Camille refere-se ao ano de 1969 porque este é considerado o marco do início do ativismo gay devido ao conflito que teve início no bar Stonewall cuja maior freqüência era de travestis. Este bar era constantemente invadido pela polícia que humilhava os frequentadores e extorquia dinheiro, sendo que neste dia em 1969, esses freqüentadores reagiram e deram início a um confronto com a polícia. Há depoimentos de que eles reagiram porque estavam tristes com a notícia da morte da cantora Judy Garland, uma cantora muito querida pelos homossexuais, inclusive uma maneira cifrada de se dizer homossexual nos EUA já foi se dizer um amigo da Dorothy (personagem interpretado por Judy Garland no filme The Wizard of Oz).

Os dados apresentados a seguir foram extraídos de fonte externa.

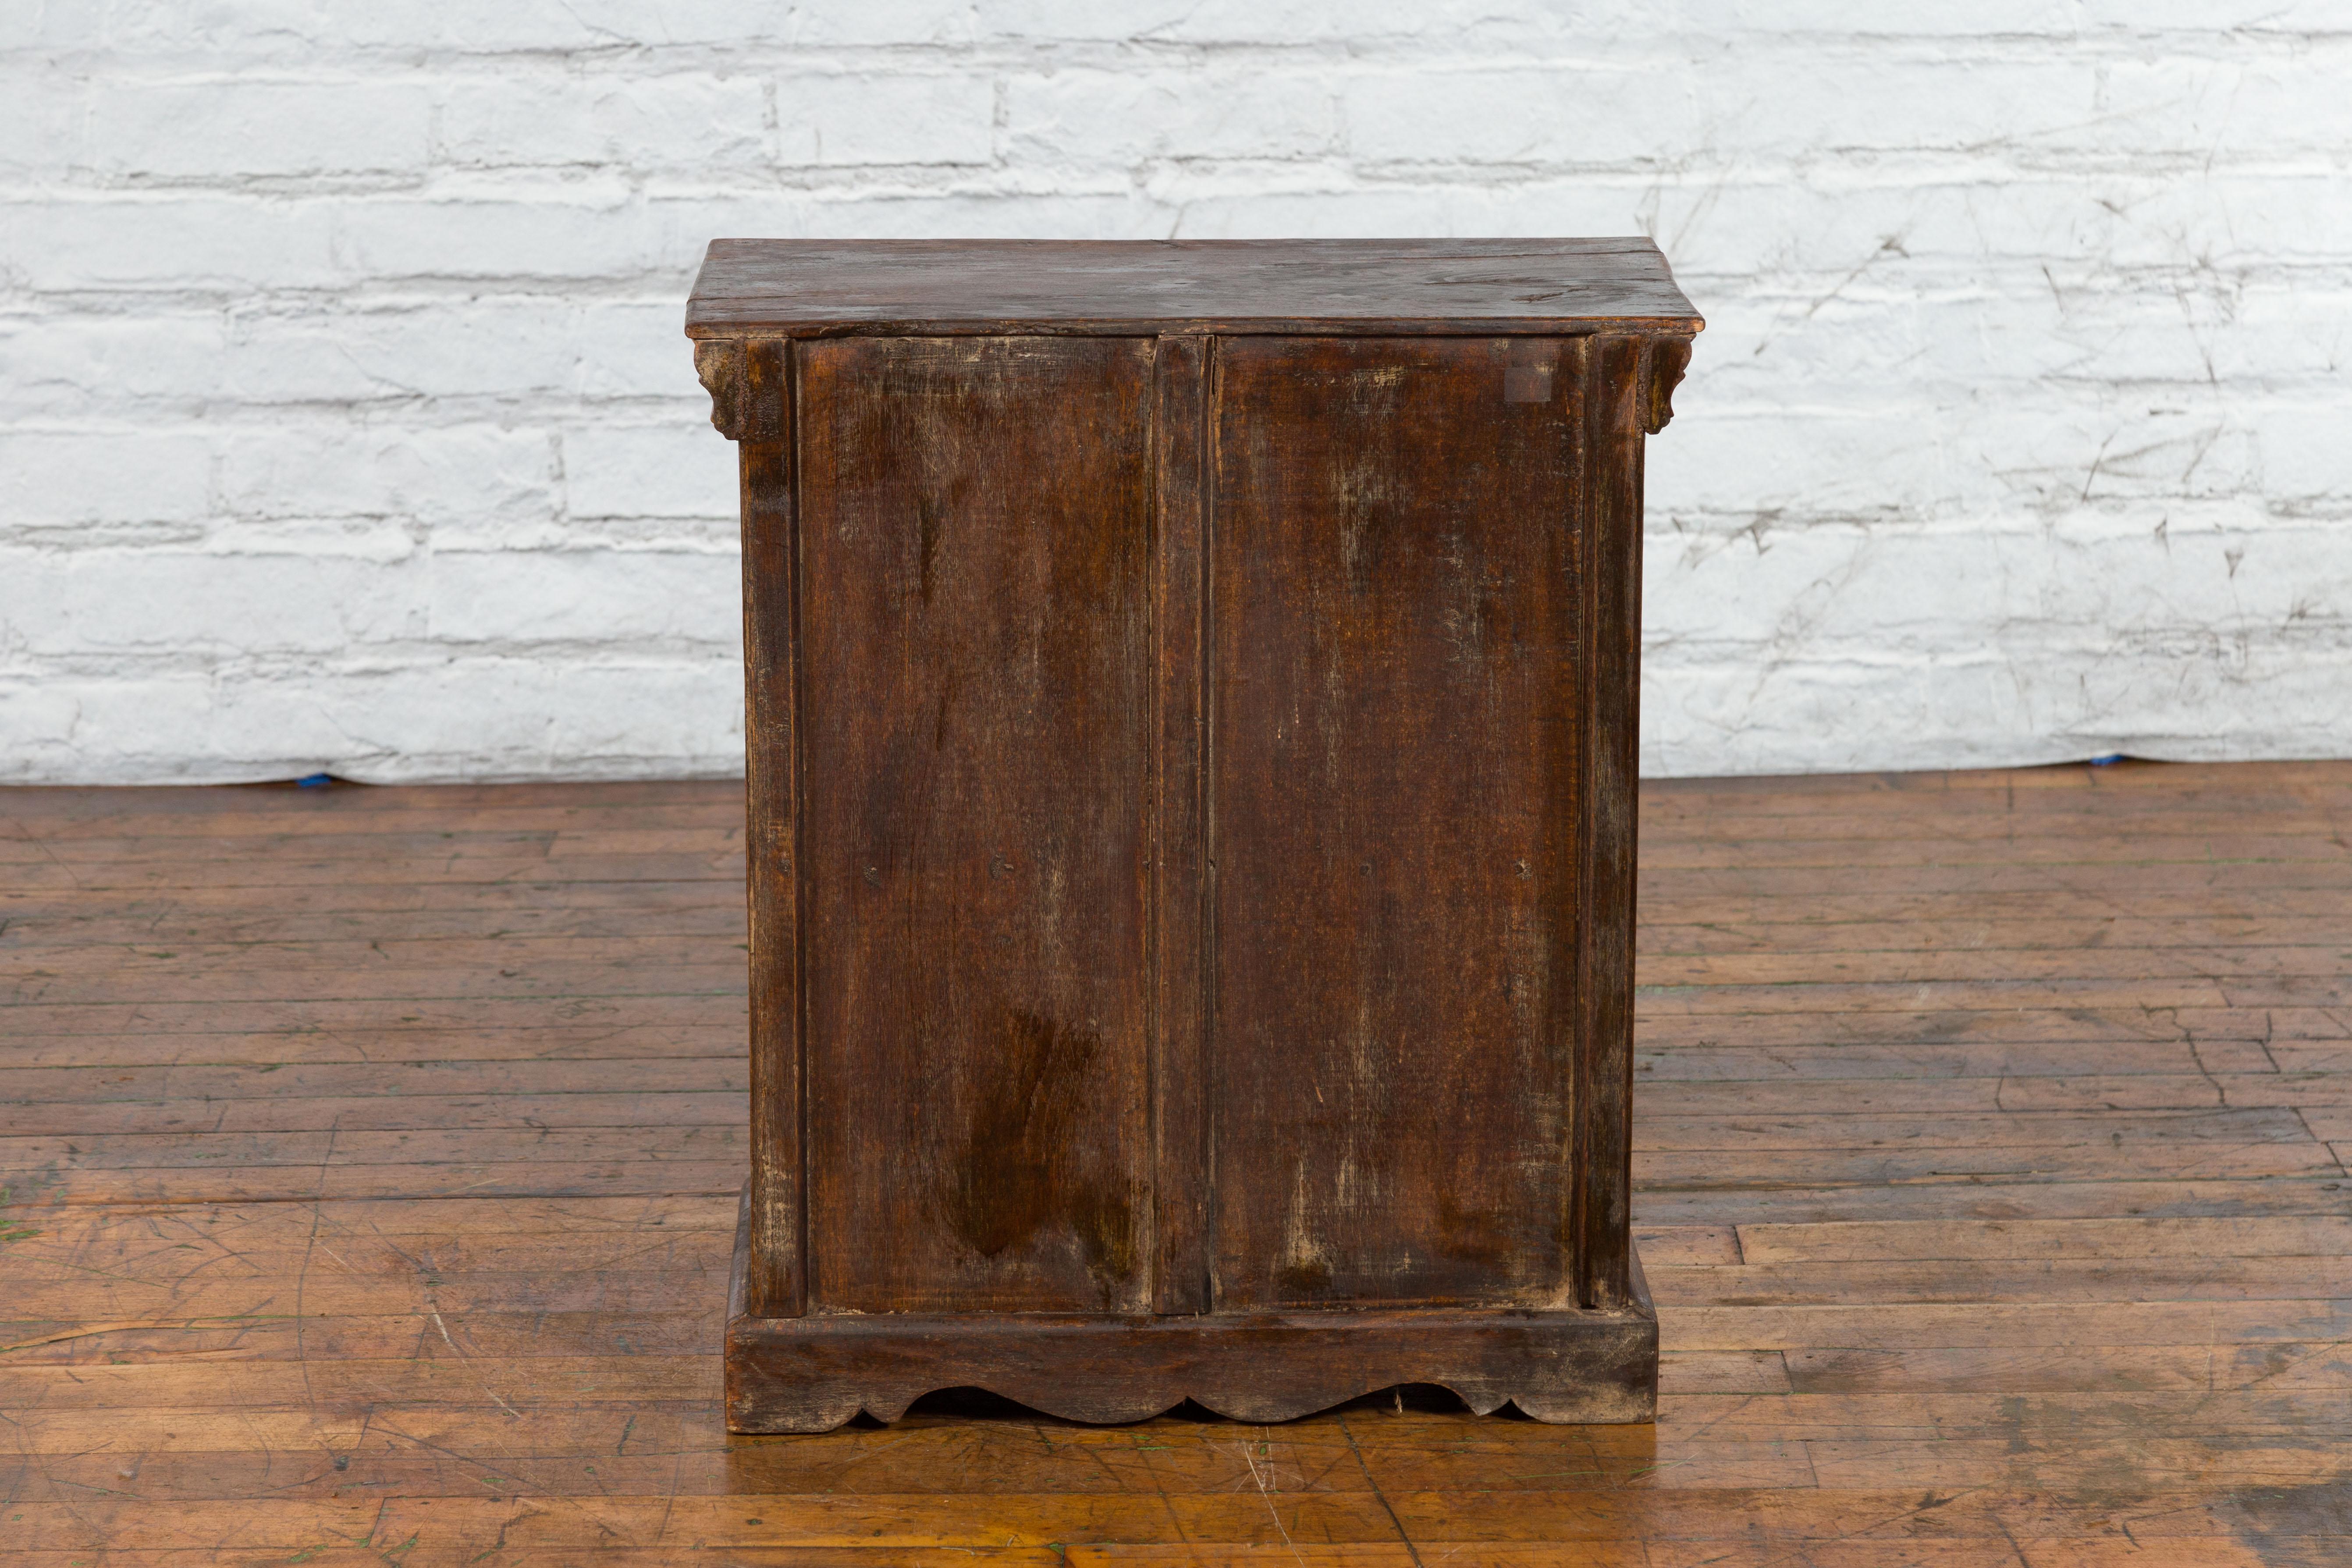 Rustic Indian Vintage Sheesham Small Cabinet with Iron Hardware Dark Patina 10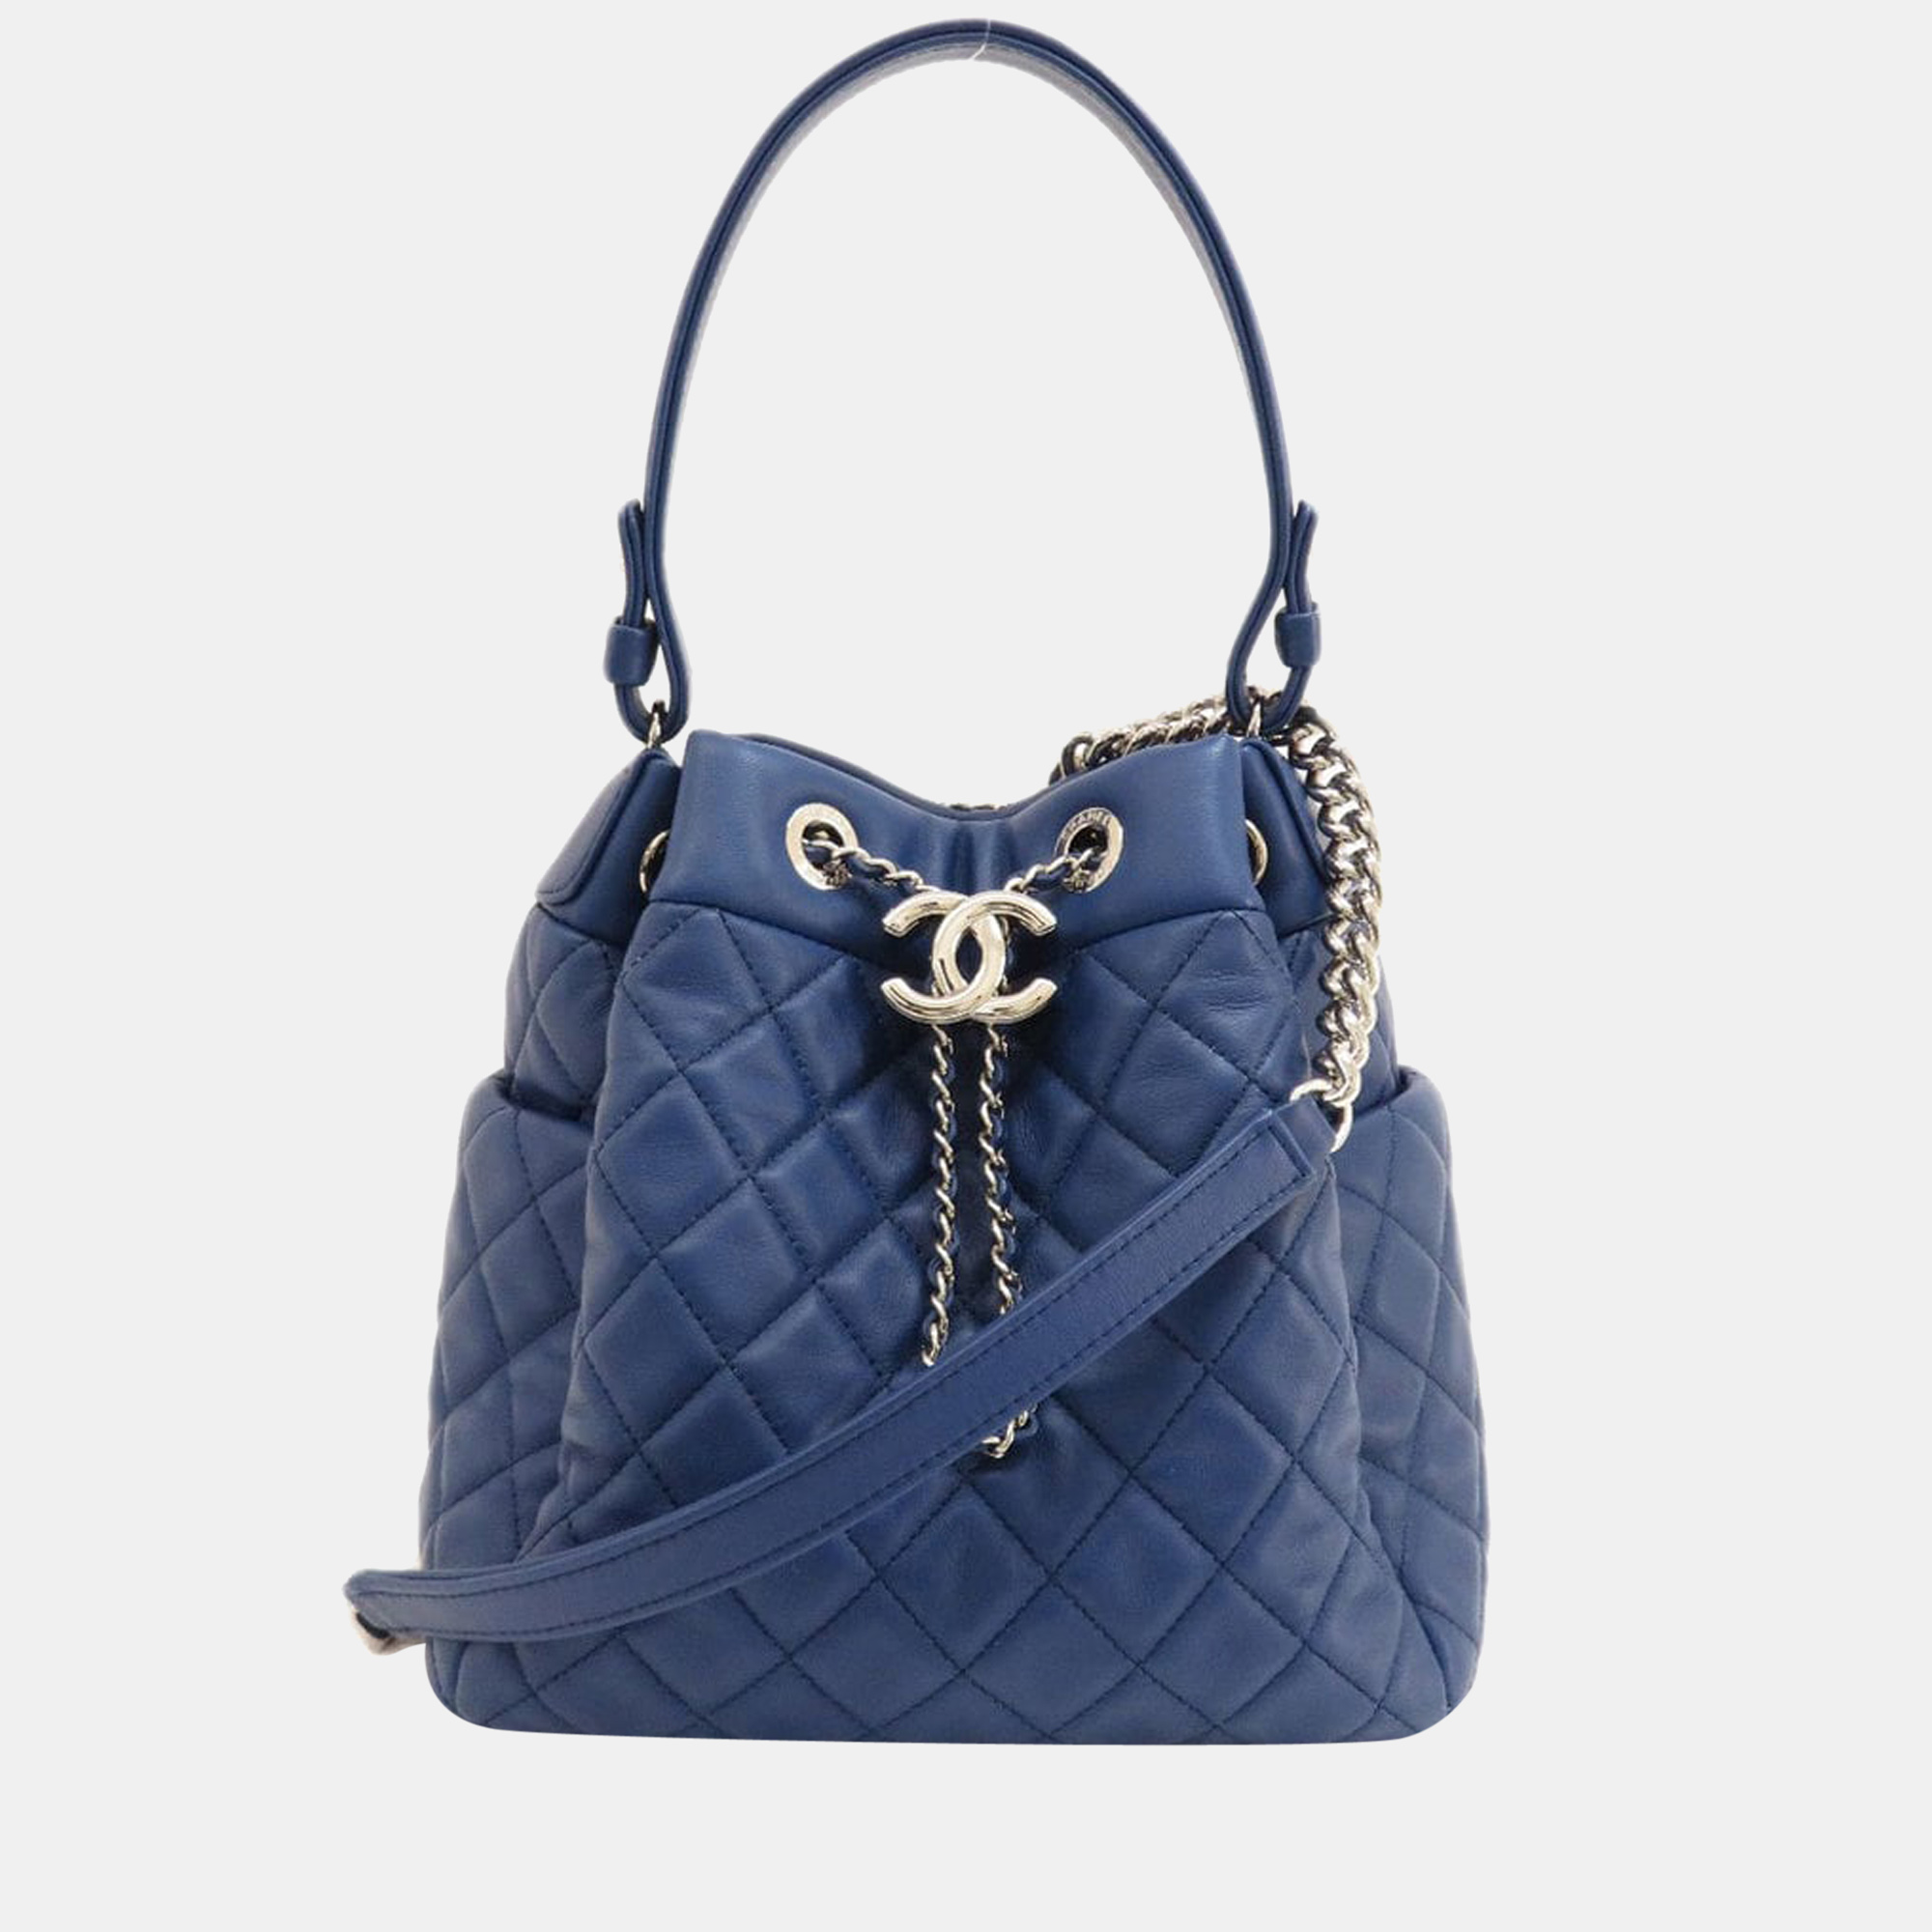 Pre-owned Chanel Blue Lambskin Leather Drawstring Cc Bucket Bag

A história deste conflito contada a partir de depoimentos de alguns dos frequentadores do bar que participaram do conflito está documentada no livro Stonewall de Duberman (1993), o qual também foi adaptado para o cinema. Em 1970, o conflito foi lembrado com uma parada que deu origem às paradas do orgulho gay que atualmente acontecem no mundo inteiro.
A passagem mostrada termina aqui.